Could you retype the lines below, starting at the line holding "1. It's a Wonderful Life (1946)" and stopping at the line holding "CG - CLUB of", inclusive? Copy them exactly and drop the images.

**MATERIAL TO PROCESS:**
● ● ● ●

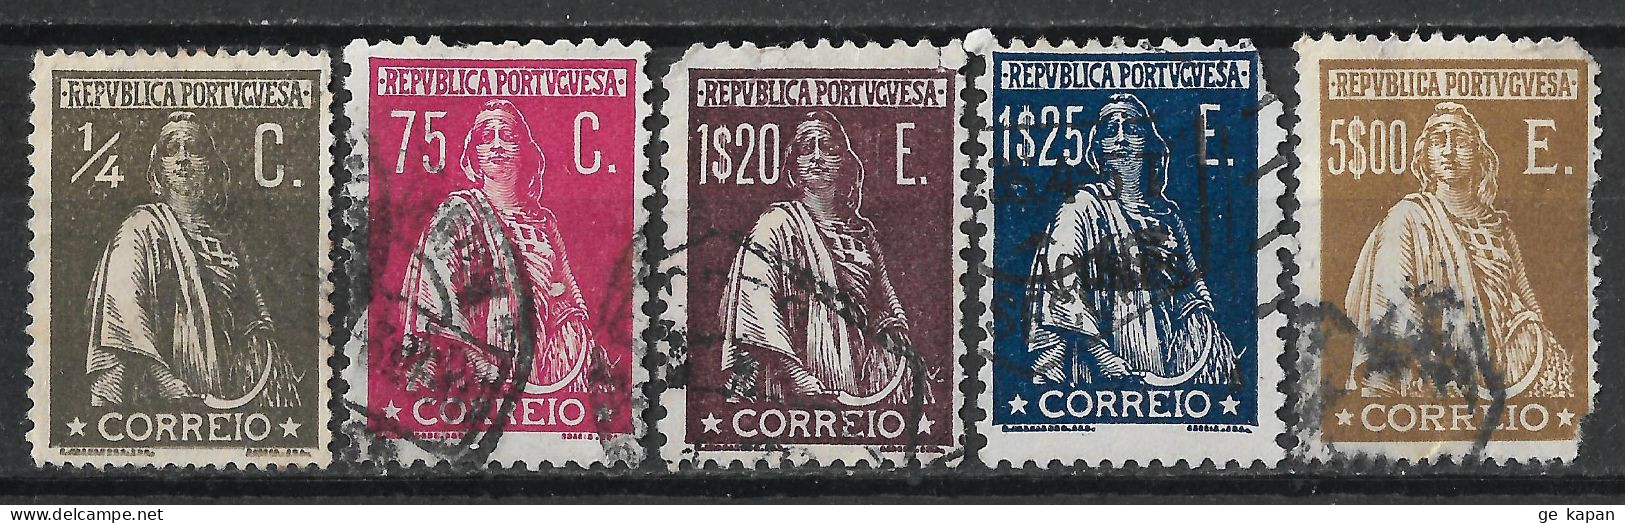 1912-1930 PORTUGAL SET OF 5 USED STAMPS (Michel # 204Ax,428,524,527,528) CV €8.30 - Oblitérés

● ● ● ●

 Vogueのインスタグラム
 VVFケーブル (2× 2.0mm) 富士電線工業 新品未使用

● ● ● ●

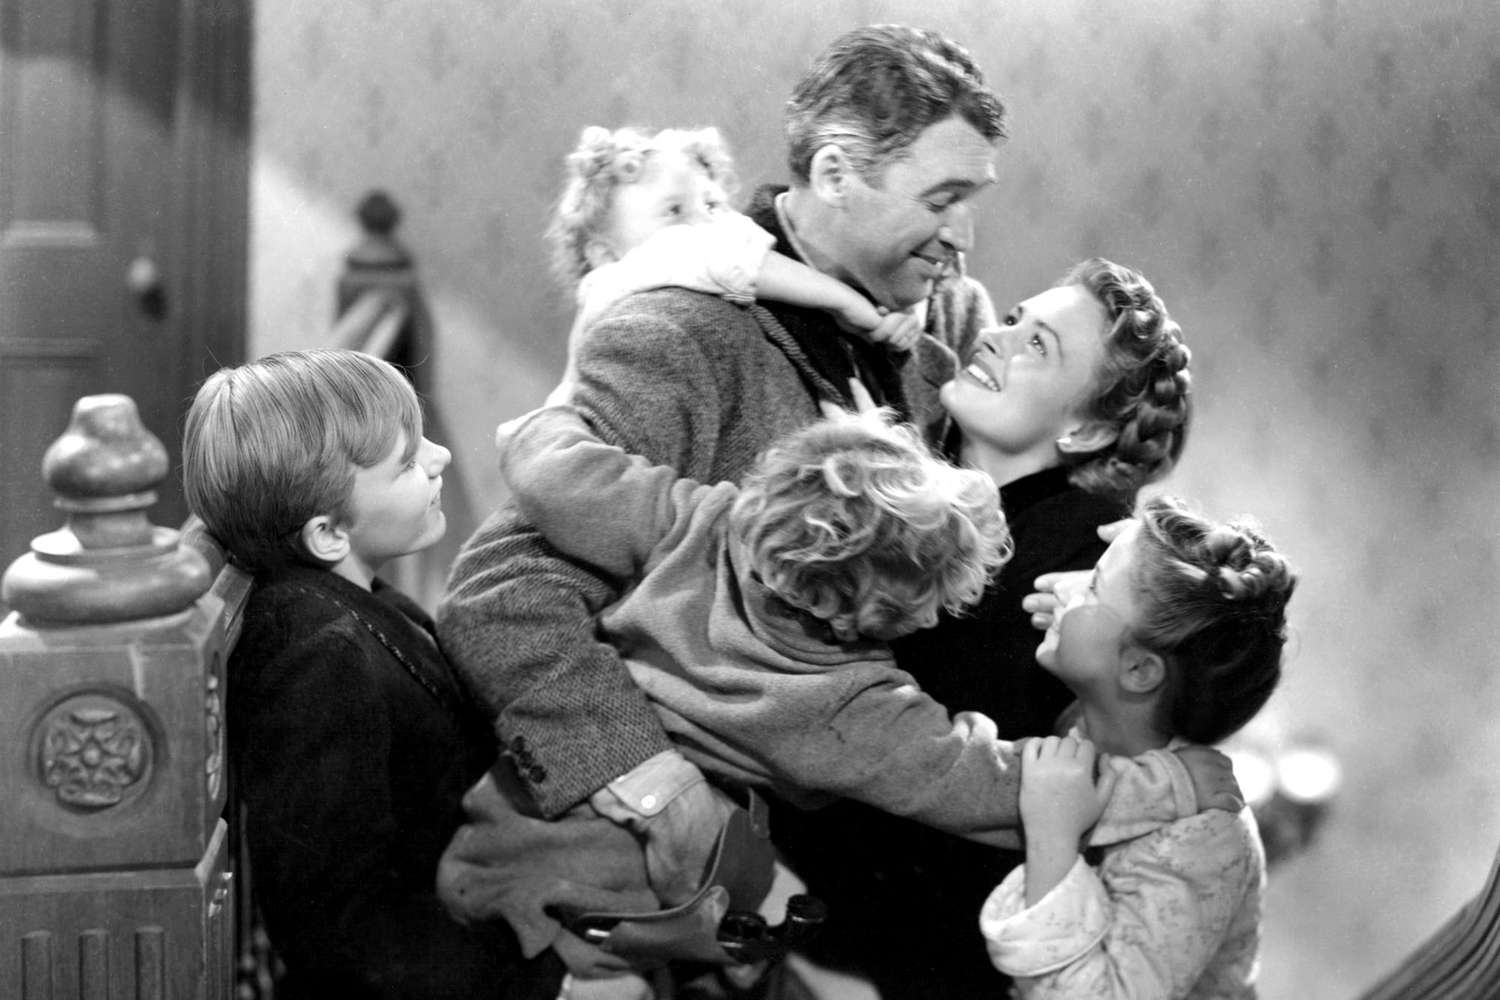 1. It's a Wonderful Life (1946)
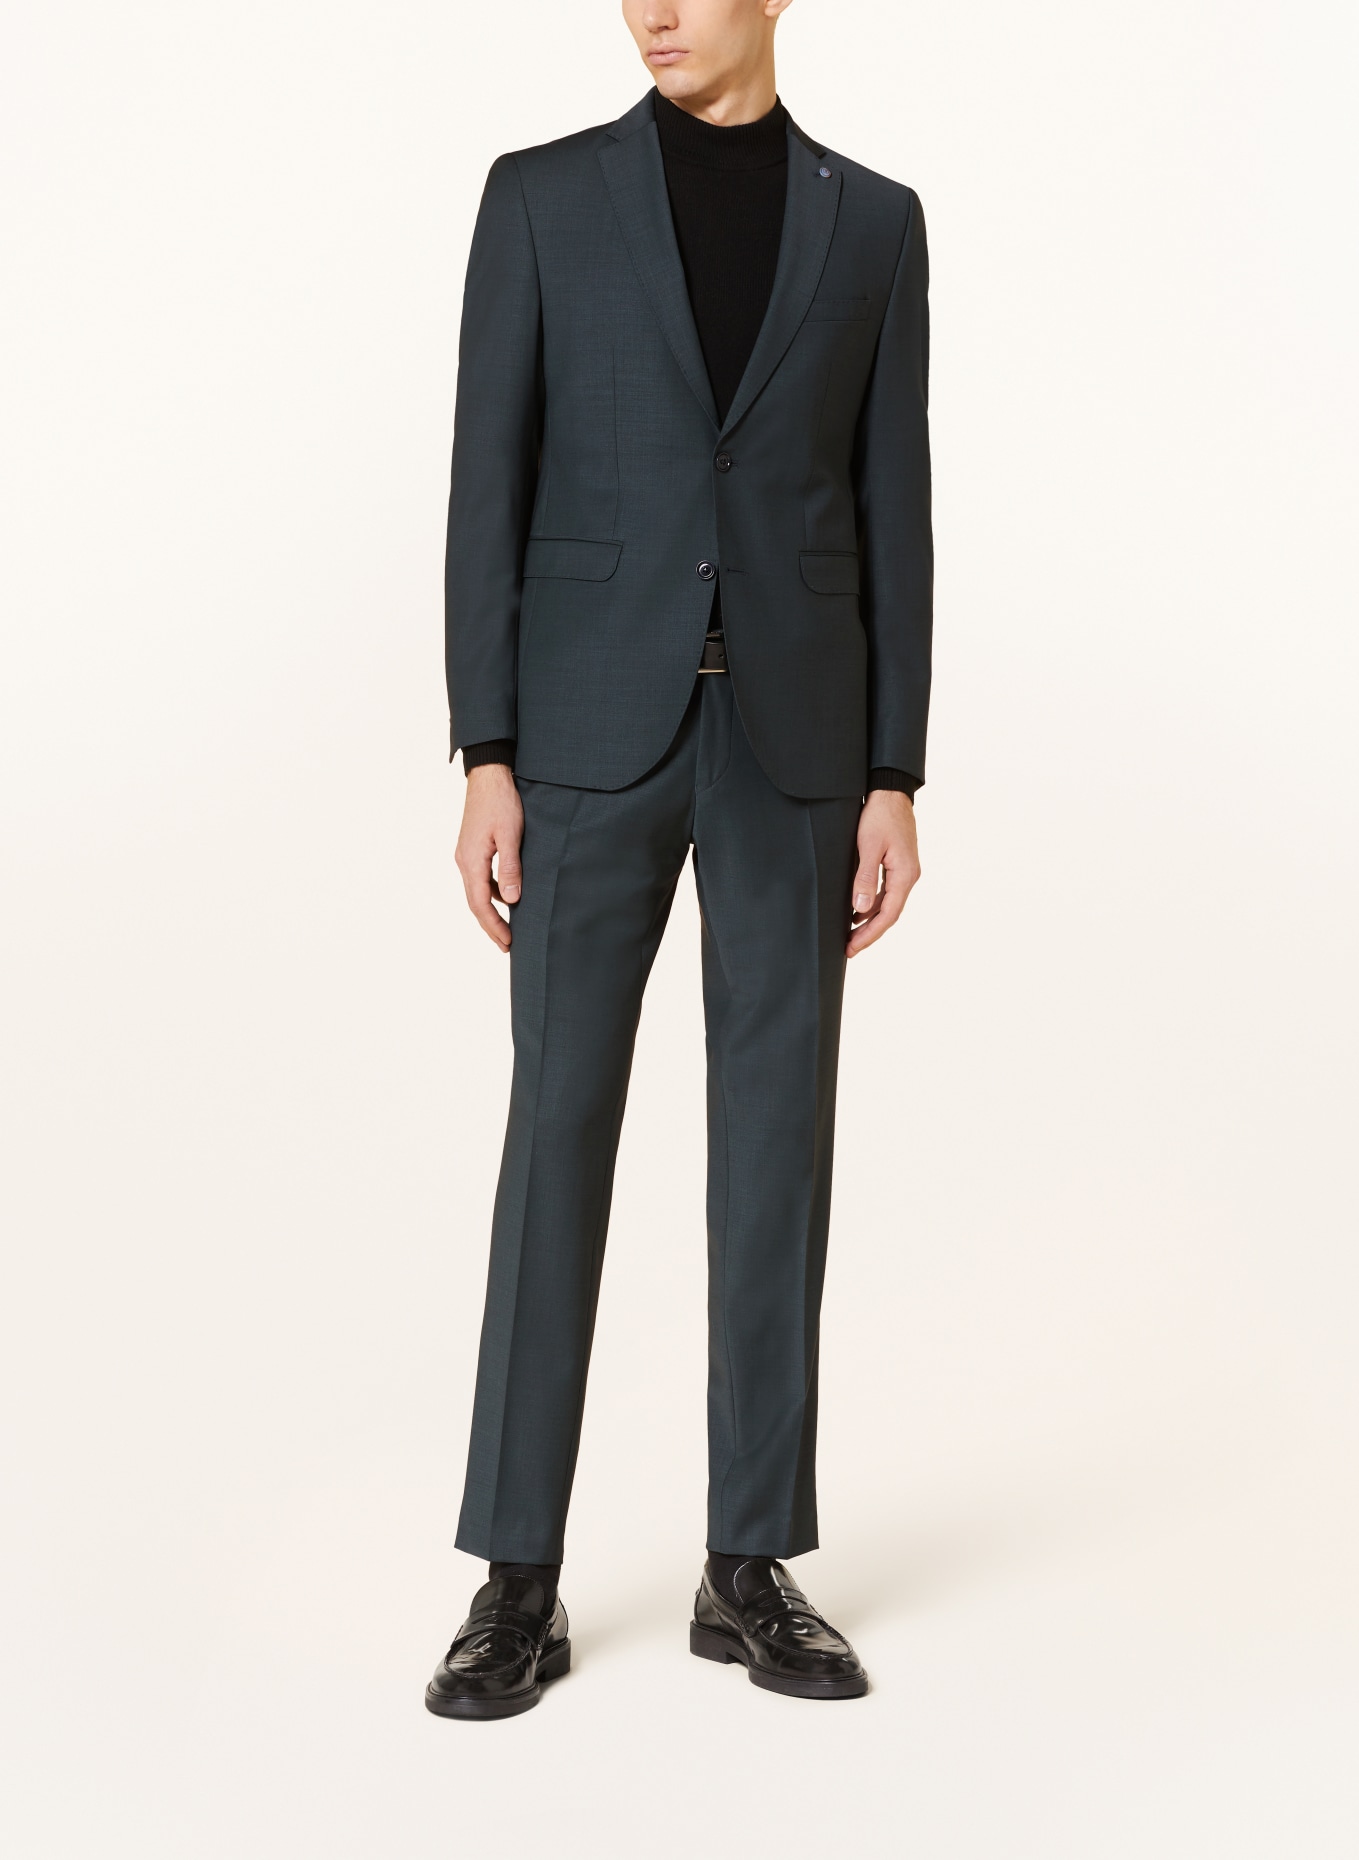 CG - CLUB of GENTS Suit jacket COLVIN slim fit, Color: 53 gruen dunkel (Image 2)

● ● ● ●

**ANSWER AREA:**
 1. It's a Wonderful Life (1946)
 CG - CLUB of GENTS Suit jacket COLVIN slim fit, Color: 53 gruen dunkel (Image 2)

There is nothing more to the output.